At the time of our interviews, Muhazzim was working for a large company where he had several positions in different departments due to promotions. We interviewed him three times over the course of a year. The first time we spoke with him he had just completed a six-month, online, faced-paced supervisory training program that was sponsored by his employer. At the same time, he was in a new position within the same department.

In our interviews, Muhazzim emphasized the important role that his supervisor had played in his learning and advancement. In analyzing what Muhazzim described, we can see that his supervisor helped to connect the formal learning to the work setting, provided encouragement, and created opportunities for informal learning. As Muhazzim described it, 

Since I joined in that department he’s the one who encouraged me all the time and gave me more opportunities, pushed me up to do more things, and like to learn new things, and even call my name on our daily meetings to appreciate my work and to give me new ideas.

Muhazzim reported that his supervisor helped to connect the formal learning to the work explicitly.  He described how his supervisor discussed how he could help Muhazzim in his training program and work duties, 

So, I mean he [supervisor] invited me to like, describe what I’m working on and we discussed how I could use it for school.

Muhazzim explained that his instructor let him adapt a class assignment to the context of his new job promotion.  As Muhazzim described it,

“I wrote a report about when I started my job, what the criteria they used to hire me on the new department, the new job assignments, who supervised me, and who gave me training. I also included the kind of training I had, and the content of the training, the hard material and the system applications.”

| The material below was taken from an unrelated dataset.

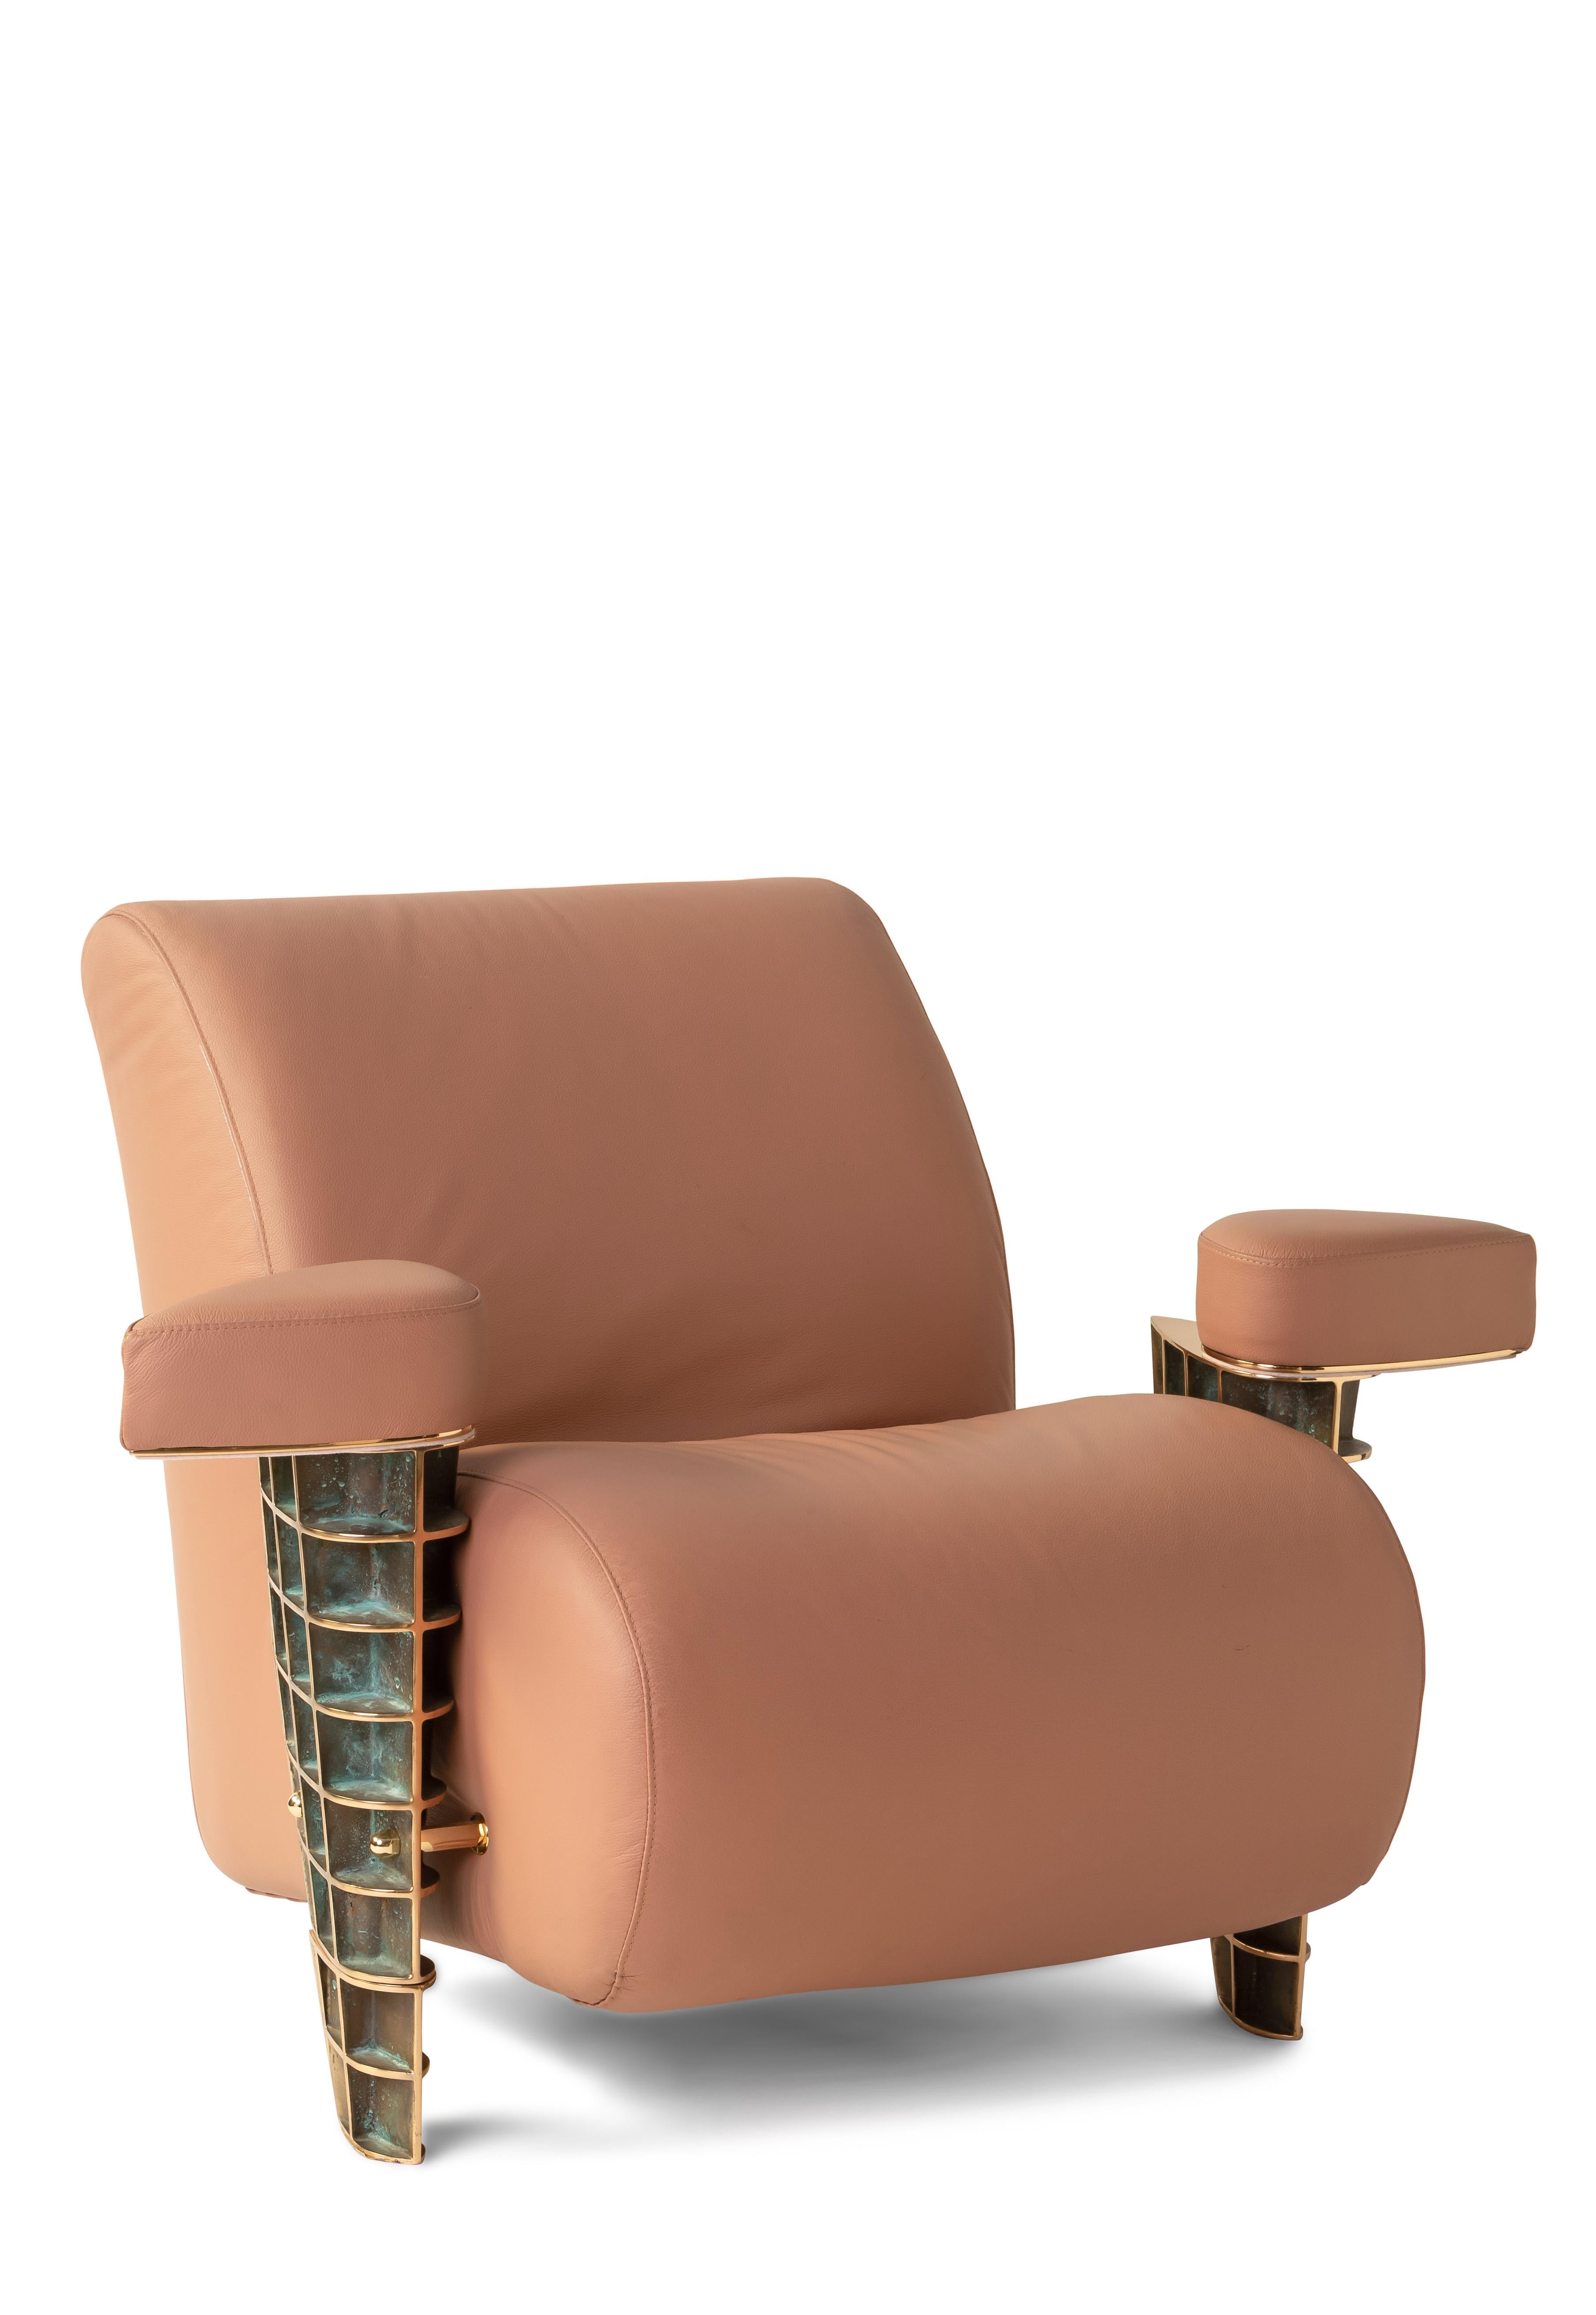 Elvira is a sculpture armchair and a bespoke masterpiece created by Angela Ardisson for her Avio Collection in 1997. The design of the precious bronze castings draws its unique inspiration from the fuselage of airplanes. 
The bearing structure

The adapted assignment helped Muhazzim make sense of his new position, the training, and the system being used in the position. This flexibility made it easier for Muhazzim to connect what he was learning in the supervisor training program with his job and made it easier for him to be successful. 

Muhazzim’s supervisor also provided opportunities for informal learning.  For example, after interviewing for a promotion, Muhazzim was told that his work was fine but that his communication skills were not.  According to Muhazzim, he talked too much, had too many pauses, and gave too much detail. Upon getting that feedback, Muhazzim’s supervisor provided informal opportunities for Muhazzim to practice informal presentations in order to hone his communication skills in their regular staff meetings.  Muhazzim said, 

“…so my supervisor, he called me and said okay so I will help you out …  I will call your name during every meeting and let you talk about different issues, just normal routine issues, so your communication gets better.”

By providing Muhazzim with opportunities to practice and develop his communication skills in a safe environment, the supervisor supported Muhazzim’s growth as an employee.  Muhazzim was able to be successful in his work.

The Little Things Add Up

Both Ainsley and Muhazzim’s experiences demonstrate that the efforts of direct supervisors do not have to be wide-reaching or even part of a plan for them to have a positive impact on worker learners’ professional growth. Instead, it appears that it is the small but immediate efforts that make a real difference in how the working learner sees themself and encourages participation in learning opportunities.  In Ainsley’s case, the supervisor saw Ainsley’s potential, immediately acknowledged it, and when the opportunity arose made space for Ainsley to demonstrate her abilities.  For Muhazzim, the supervisor acknowledged the learning Muhazzim was engaged in, helped make connections, and provided opportunities for Muhazzim to grow within a low-risk environment.  

These two cases suggest that the immediate supervisor is a vital link in the learning and employment development of an employee.  Supervisors who successfully guide a working learner do more than supervise. They mentor and guide employees toward career goals they might not have even seen for themselves.  To this end, we suggest that employers take a closer look at the support being provided to direct supervisors and help them see themselves as vital links in the development of talent.